(Beginning of Data provided)

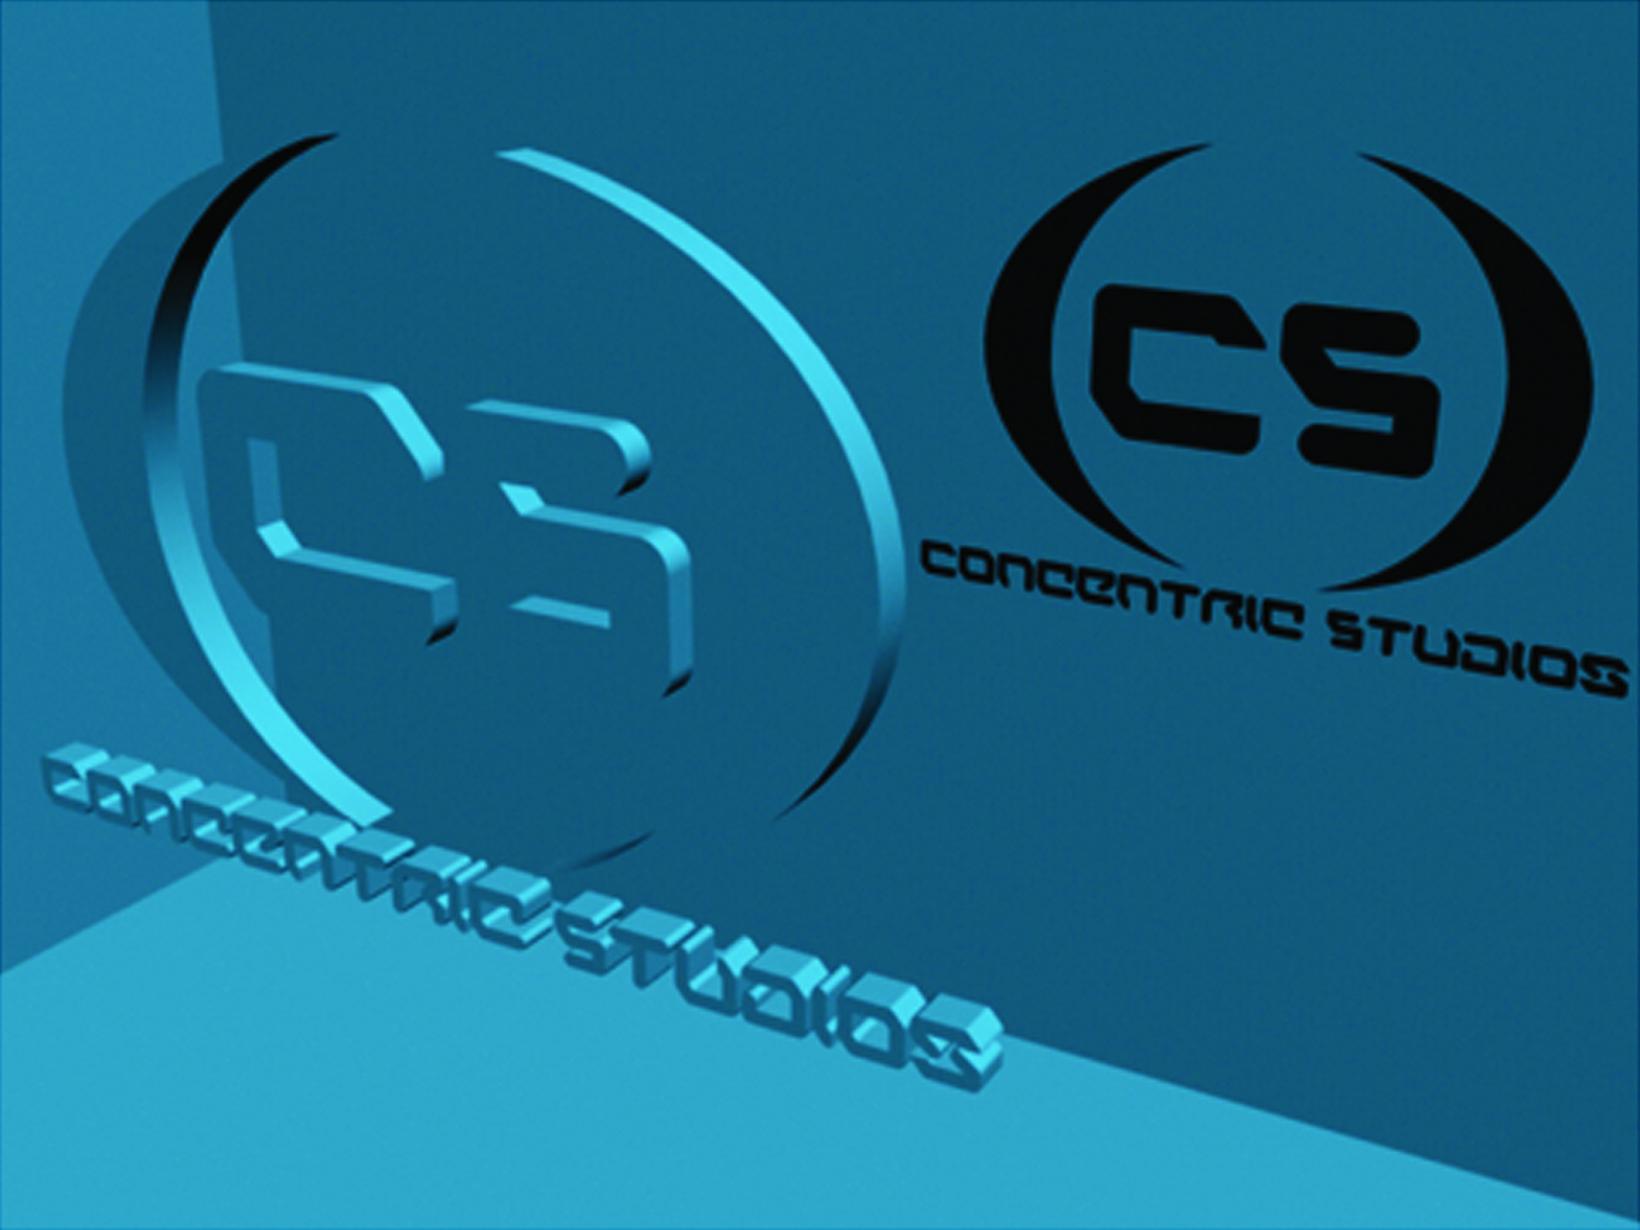 Concentric Studios
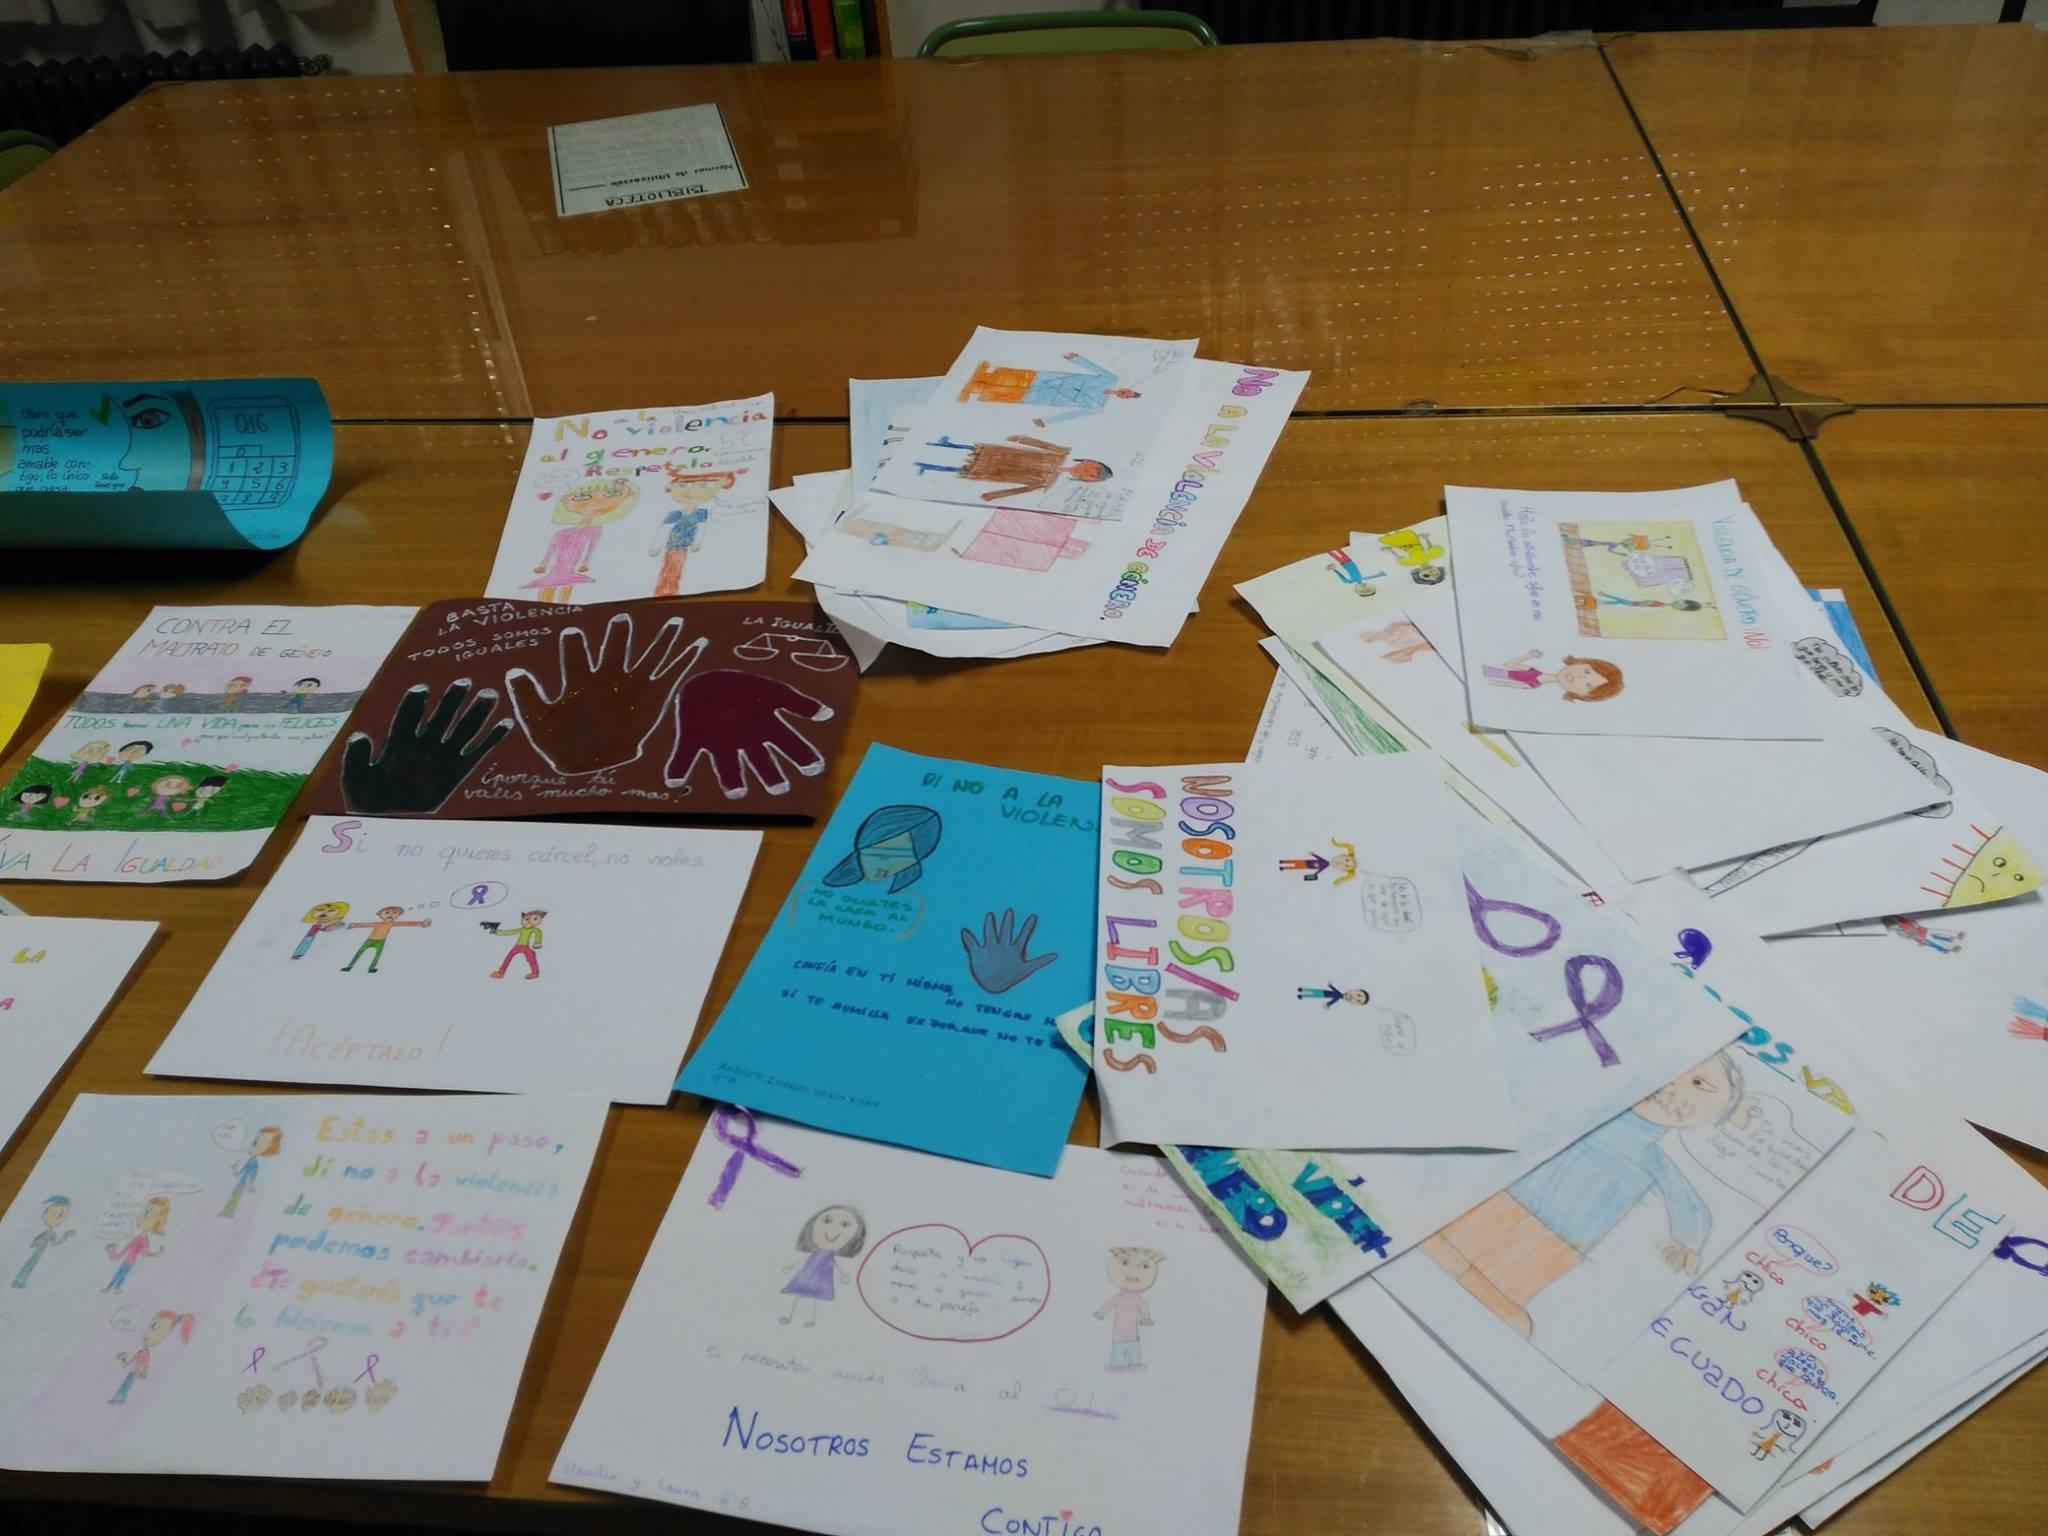 dibujos y esloganes contra la violencia de genero en ceip casrrasco alcalde - Concurso de dibujos y/o eslóganes contra la violencia de género del CEIP Carrasco Alcalde
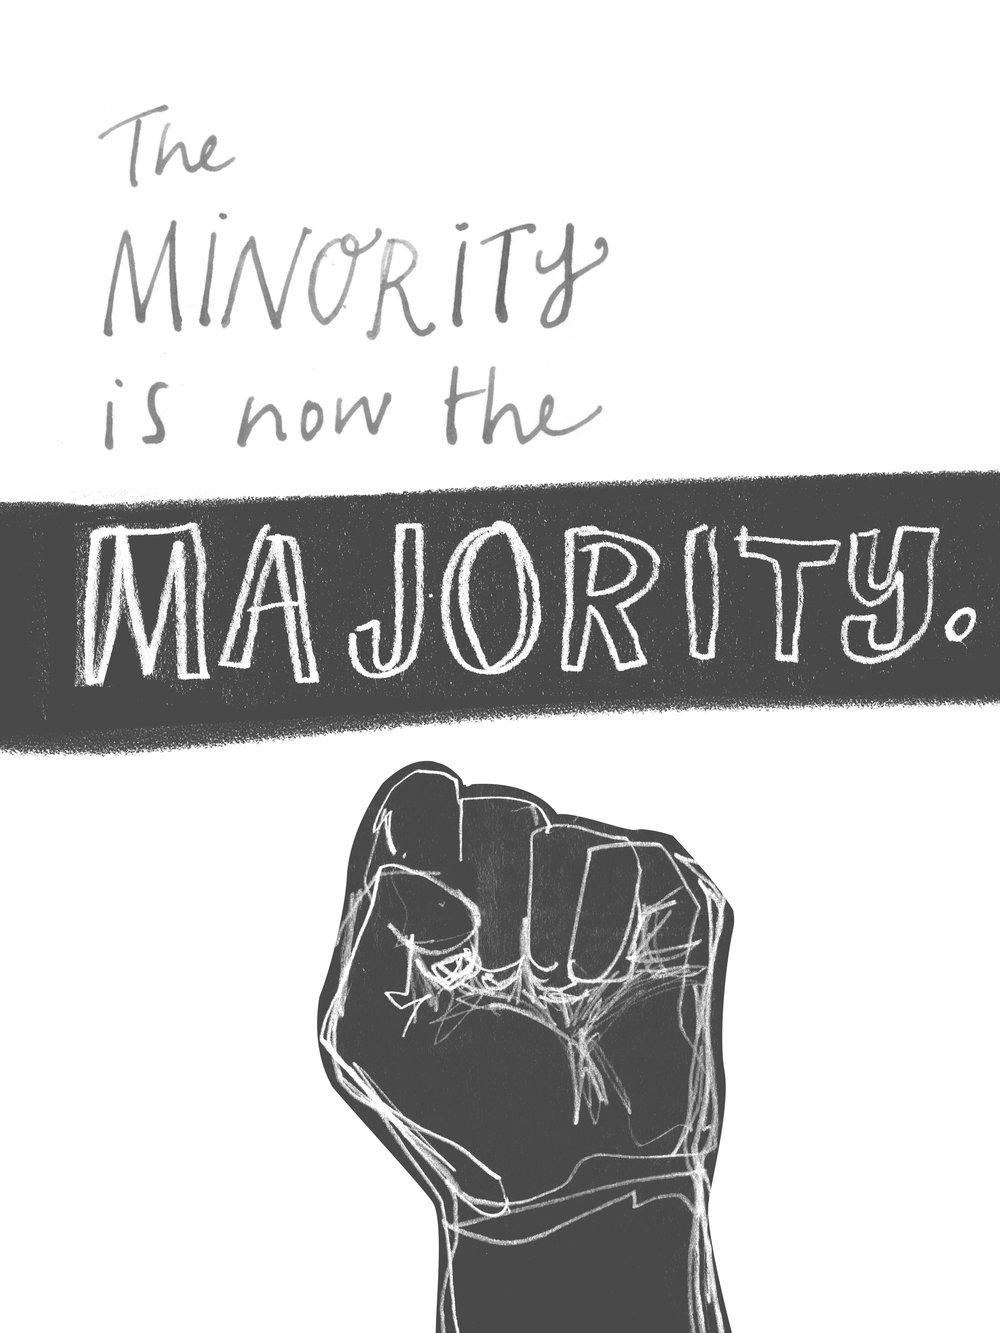 LBoLowery_minority majority copy.jpg

(End of Data provided)

Your assignment: Please write out all of the data verbatim, with no pictures in the copy.

Solution for this task:
 Concentric Studios
 dibujos y esloganes contra la violencia de genero en ceip casrrasco alcalde - Concurso de dibujos y/o eslóganes contra la violencia de género del CEIP Carrasco Alcalde
 LBoLowery_minority majority copy.jpg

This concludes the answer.